We published the AV data of each segment in two forms. First, the uncompressed 15-channel audio stream was stored in a WAV format. Second, we prepared a video stream in an MP4 format, using an H.264/MPEG-4 AVC encoder43 with a high-quality constant rate factor (CRF) of 18. The latter representation is treated as video data, but we added a synchronized audio track for easier database browsing. The single-channel audio comes from the central microphone (channel #8) compressed using the advanced audio coding (AAC) standard with a 192k bitrate.
Speech examination questionnaire
Each participant’s articulation was examined in detail under a dedicated diagnostic questionnaire prepared by our SLT team. The description addressed the child’s speech production (especially sibilants), and anatomical and physiological issues (regarding the tongue frenulum, upper lip, palate, and teeth; e.g., swallowing, breathing, and tongue mobility). The experts also assessed the production of individual sibilants. The questionnaire consisted of 196 fields (including general data on the examination and descriptive elements), all filled in Polish. For this study, we combined the original items and obtained a concise subset of 95 fields, mostly of categorical type (Table 4). Note that the definitions of articulatory features are provided with the dataset in the PDF file (see section Dataset files).
The goal was to prepare two independent diagnoses by two SLPs. One was done by the expert attending the examination simultaneously with the recording session (see section Speech and language therapy examination with a data recording session). The other was prepared by the second expert the other day without data recording. We collected double diagnoses in 181 out of 201 participants and single diagnoses in the remaining 20 cases. The dataset contains 185 diagnoses from expert E1 and 197 from expert E2.
Data Records
Database structure
The PAVSig dataset is available under the following DOI44: https://doi.org/10.7910/DVN/IHZRGB. The structure of the main folder of the PAVSig repository is shown in Fig. 5a. There is a separate folder with the audio, video, and speech diagnosis data from each participant, named 00XXX (XXX stands for the anonymized three-digit ID of a participant; the extreme folder names are 00030 and 00237), five CSV files with respective dataset specifications, and a PDF file presenting the diagnosis dictionary.
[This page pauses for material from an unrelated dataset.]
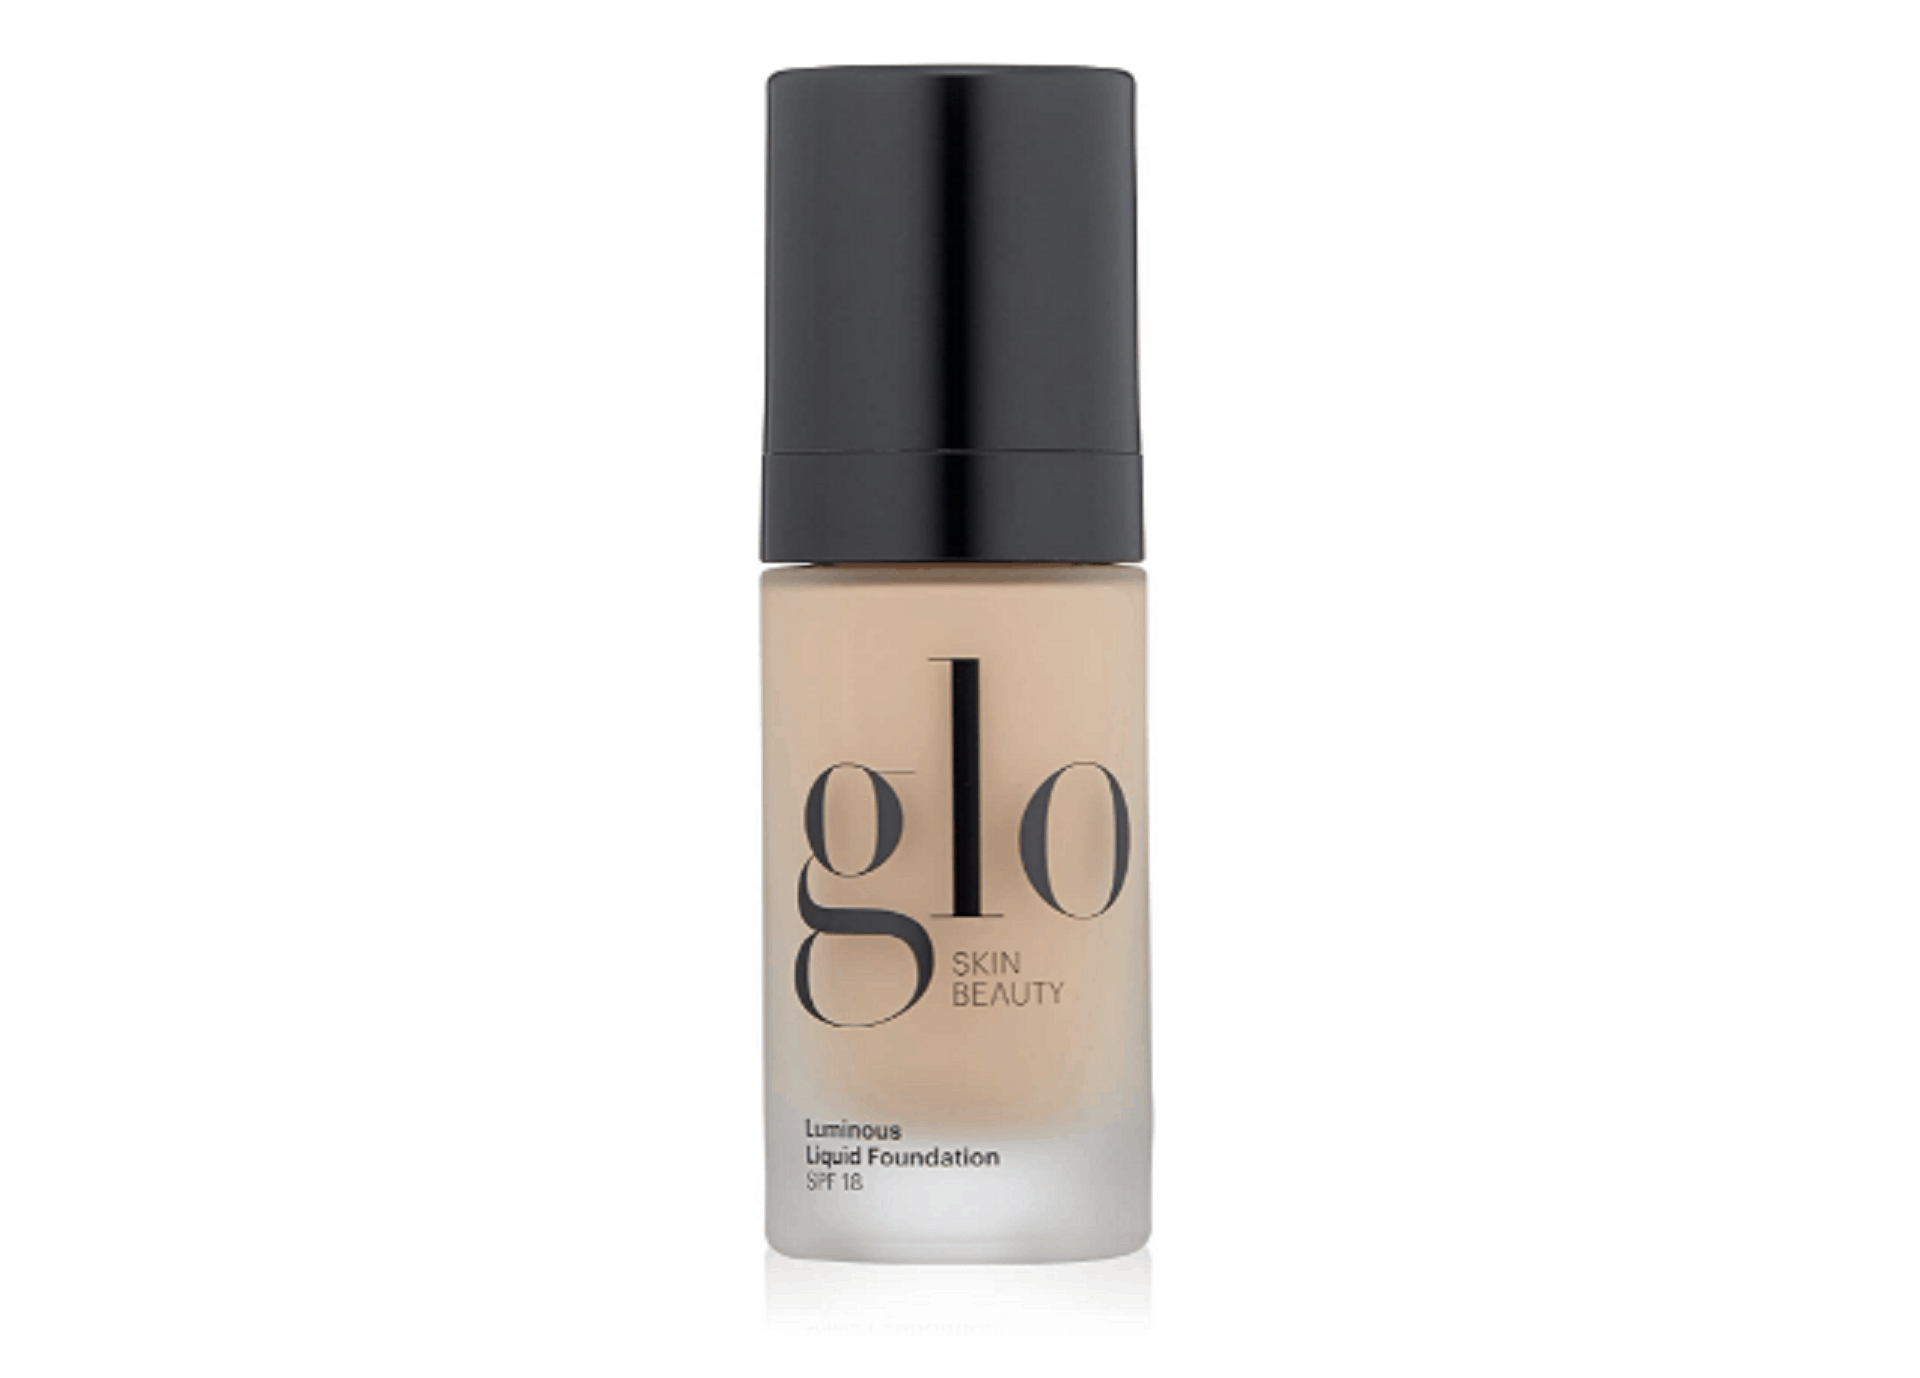 glo skin beauty luminous liquid foundation

All CSV files with dataset summaries use semicolon as a delimiter and are encoded using a UTF-8 standard. Two types of special characters must be imported carefully: Polish letters with diacritics and IPA (International Phonetic Alphabet) symbols. Although the dataset could bring the most valuable contribution to Polish speech research, we also paid attention to presenting all resources in English.
Participant folder
A complete participant folder contains two audio data subfolders, two video data subfolders, and a CSV file with a double-expert speech diagnosis (Fig. 5b). In the case of a missing recording of one of two parts, there are only single audio and video subfolders. The subfolder naming rule is: 00XXX-R-audio or 00XXX-R-video, where R = 1 or 2 refers to the first or second part of the recording session. The participant diagnosis from one or two SLPs is stored in a CSV file named 00XXX-diag.csv.
Audio data
Each audio data folder contains a complete set of WAV files with audio segments extracted from the recording of the corresponding part of the session (Fig. 5c). The segments contain either words or phones within words. Each WAV file stores an uncompressed 15-channel audio stream recorded at 16 bits and 44.1 kHz in a setup described in the Methods section (the order of channels in the WAV file corresponds to the arrangement shown in Fig. 3c).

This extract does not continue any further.